Uitgewerkte cursustekst gebaseerd op de college-aantekeningen van de cursus Algemene Genetica, specifiek het deel van Kevin Verstrepen over Moleculaire Genetica. Deze uitgebreide tekst bevat alle informatie die op de slides is behandeld, aangevuld met extra notities uit de lessen. Het document is o...
Planning
• Op 17/3 en 24/3 mogelijk geen les
• Op 23/3 mogelijk extra les 9-11u30 in 200G 00.06 / online
• Vanaf 31/3: deel II; Nico.

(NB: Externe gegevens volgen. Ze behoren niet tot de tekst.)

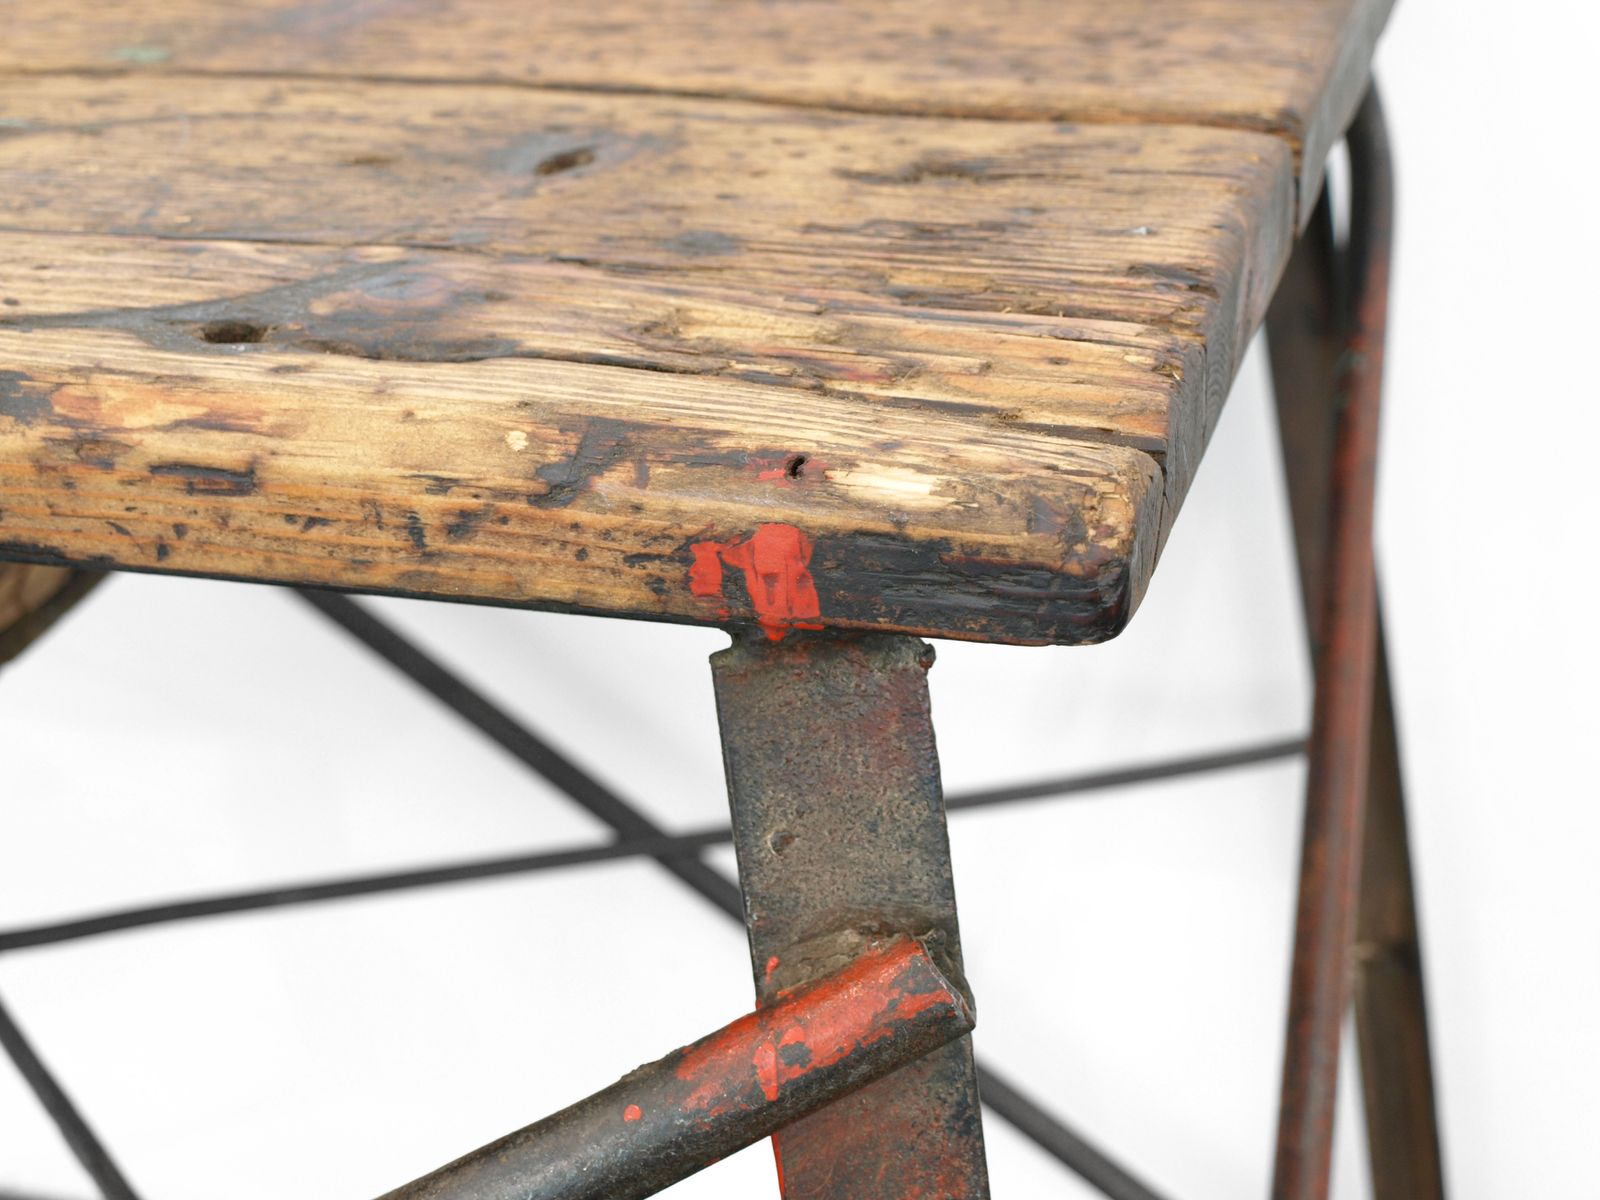 industrielle deutsche vintage werkbank aus holz metall bei pamono kaufen. Black Bedroom Furniture Sets. Home Design Ideas

De Storme
Examen
• Schriftelijk examen
• Te kennen: Alles wat in de les werd behandeld (slides + bijhorende stukken in het handboek (Berg, Tymoczko,
Stryer)
• Figuren en (belangrijke) structuren kunnen tekenen: EEN SET GOEDE KLEURPLOTEN MEENEMEN!!!!!
• Vragen komen niet uitsluitend van de lijst met vragen die verspreid wordt door LBK
• Sommige vragen vereisen combinatie en interpretatie van verschillende delen van de cursus
• Slaagpercentage boven het gemiddelde
Overzicht cursus
• Genetica = erfelijkheidsleer
- “Klassieke” genetica = beschrijving van de overerving van eigenschappen → De Storme
- “Moleculaire” genetica = beschrijving van de onderliggende moleculaire mechanismen → Verstrepen
• Vier delen:
1. Hoe wordt genetische informatie gekopieerd (H28)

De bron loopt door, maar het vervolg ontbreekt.